Agriculture, aides à domicile, restauration… Attendue depuis un an, la liste des dizaines de métiers en tension en France, base de référence pour accorder des titres de séjour aux travailleurs en situation irrégulière, a été transmise vendredi par le gouvernement aux partenaires sociaux. Mais les syndicats estiment déjà que ce nouveau registre ne permettra pas de régulariser un grand nombre de travailleurs sans papiers. Explications.
Après plus d’un an d’attente, la nouvelle liste des métiers en tension a enfin été actualisée – la dernière version datait de 2021, sur la base de données de 2008.
Les préfets peuvent régulariser « à titre exceptionnel » les travailleurs sans-papiers employés dans les métiers en tension (bâtiment, restauration, aide à la personne…).
Cette régularisation prend la forme d’un titre de séjour d’un an, délivré au cas par cas, à condition d’avoir résidé en France pendant au moins trois ans, exercé une activité salariée durant au moins 12 mois sur les 24 derniers, et présenter un casier judiciaire vierge.
La nouvelle mouture a été adressée vendredi 21 février par le gouvernement aux partenaires sociaux, avant « une dernière consultation nationale », a expliqué la ministre du Travail, Astrid Panosyan-Bouvet, sur France info. Organisations syndicales et patronales doivent en débattre en fin de semaine avant publication au Journal officiel.
Cette liste de métiers, issue « des concertations avec les fédérations professionnelles », regroupe quelque 80 professions qui sont déclinées selon les besoins en main-d’œuvre des différentes régions françaises.
Par exemple, la région Normandie est la seule à rechercher des géomètres, tandis que sept régions sur treize recherchent des bouchers.
Les « agriculteurs salariés », « aides à domicile et aides ménagères », « aides de cuisine », « cuisiniers », « employés de maison et personnels de ménage », « maraîchers/horticulteurs salariés » sont, eux, recherchés partout.

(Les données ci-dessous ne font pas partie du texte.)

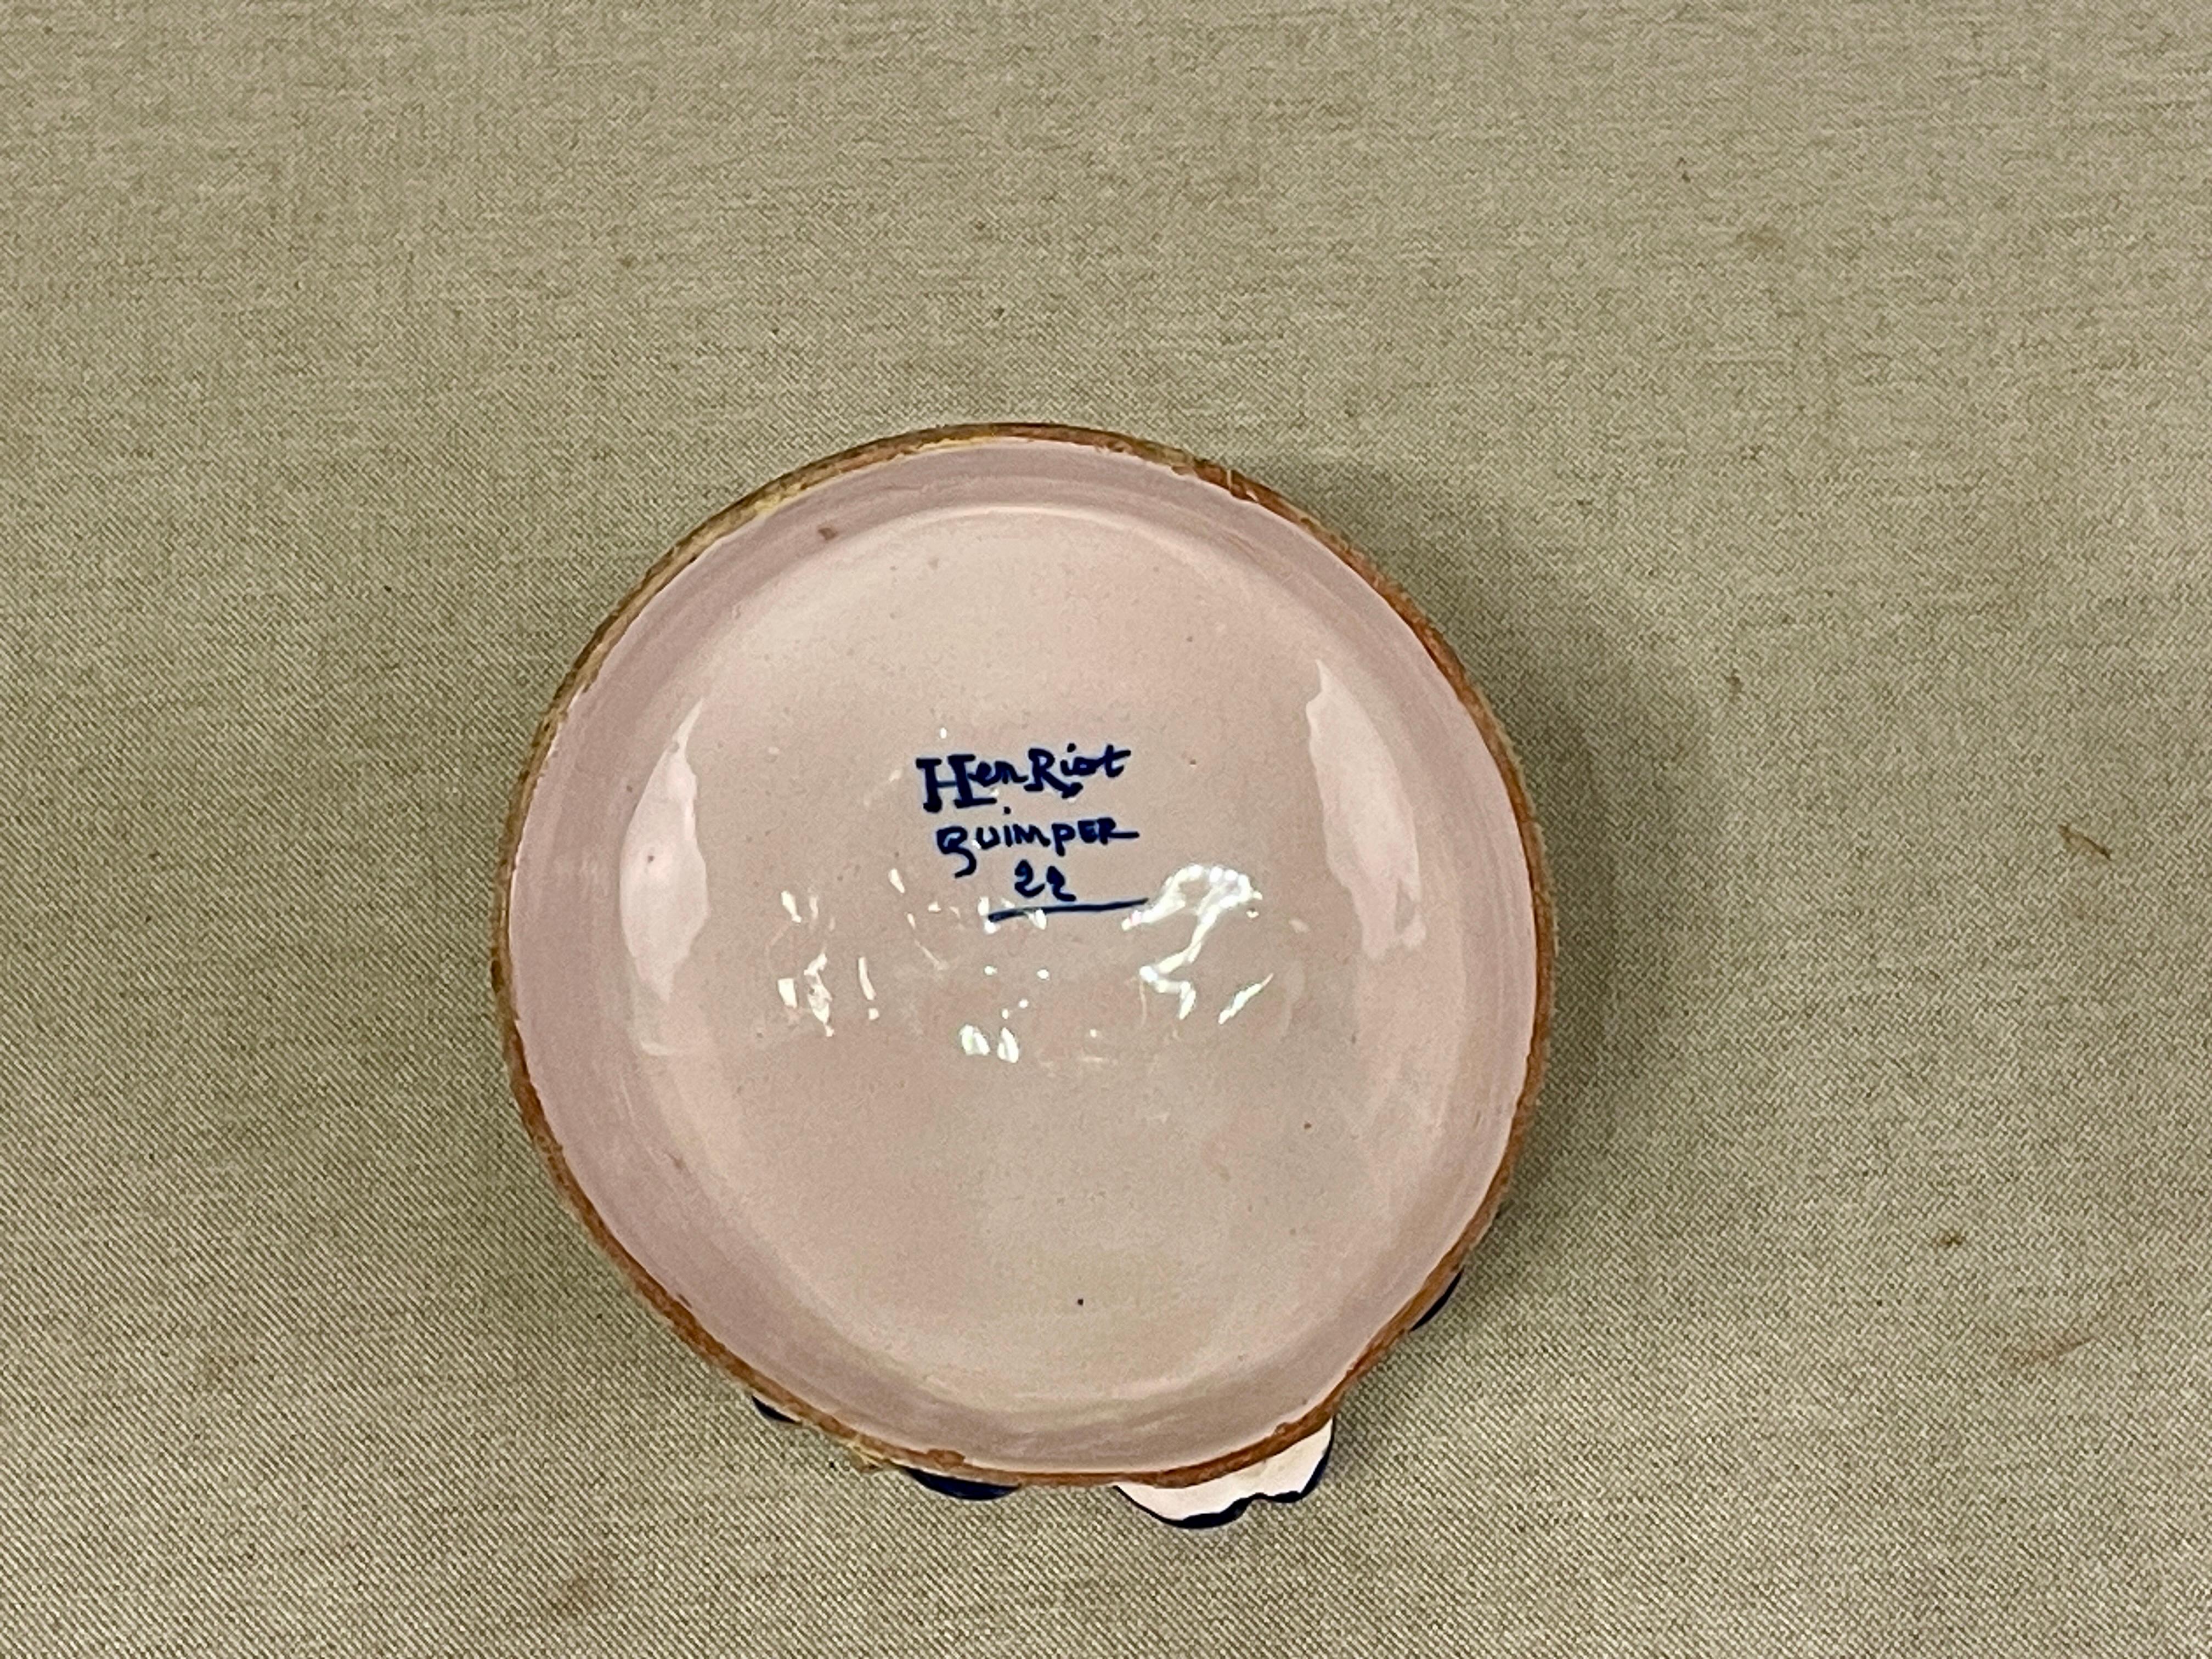 French Henriot Quimper Faience Butter Dish In Good Condition For Sale In Winter Park, FL

Les trois régions qui présentent le plus de professions en tension sont les régions Ile-de-France (41 métiers), Provence-Alpes-Côte-D’azur (39) et Auvergne-Rhône-Alpes (37 métiers).
En janvier, le ministre de l’Intérieur, Bruno Retailleau, avait adressé une nouvelle circulaire aux préfets prévoyant notamment que les régularisations exceptionnelles par le travail soient désormais recentrées sur les métiers en tension.
Une liste qui profitera à peu de sans-papiers ?
Cette liste était attendue avec impatience par les travailleurs étrangers. « Le nouvel article sur les métiers en tension apporte quelques progrès. Il suscite de grands espoirs ici parmi les gens que nous voyons », avait déclaré l’an dernier à France 24 Coulibaly Hamidou, membre de l’association Solidarité humaine en France, qui délivre des conseils et accompagne les personnes en situation irrégulière dans leurs démarches.
Syndicats, patronat et associations attendaient aussi depuis plusieurs mois cette liste, espérant qu’elle permette de simplifier les régularisations. Mais pour la CGT, ce registre est loin d’être satisfaisant.
« Je ne comprends pas la méthodologie de construction de cette liste », tance Jean-Albert Guidou, secrétaire général de l’union locale de la CGT à Bobigny (Seine-Saint-Denis) interrogé par InfoMigrants.
« C’est une prise en compte très partielle de la réalité [des métiers exercés sur le terrain].
L’Ile-de-France par exemple est la région qui concentre le plus de sans-papiers travaillant dans les métiers du nettoyage, de la logistique, du gros œuvre en bâtiment, de la gestion des déchets… et ces domaines ne sont pas mentionnés. »
Pourtant, l’Ile-de-France est la principale région touristique du pays, avec des milliers de restaurants, « où les cuisines sont remplies de personnes en situation irrégulière », signale Jean-Albert Guidou. « Ce n’est un secret pour personne ».
En revanche, des postes qualifiés (ingénieur, cadre, agent de maîtrise, informaticien…) figurent dans la liste francilienne, des secteurs qui ne sont pas occupés par les travailleurs en situation irrégulière.
« Est-ce que ces listes sont construites pour permettent aux entreprises de faire venir des travailleurs de l’étranger et de choisir ‘leurs migrants’ ? Ou est-ce que le gouvernement ne souhaite pas régulariser les sans-papiers ? La réponse, c’est les deux », estime le responsable de la CGT.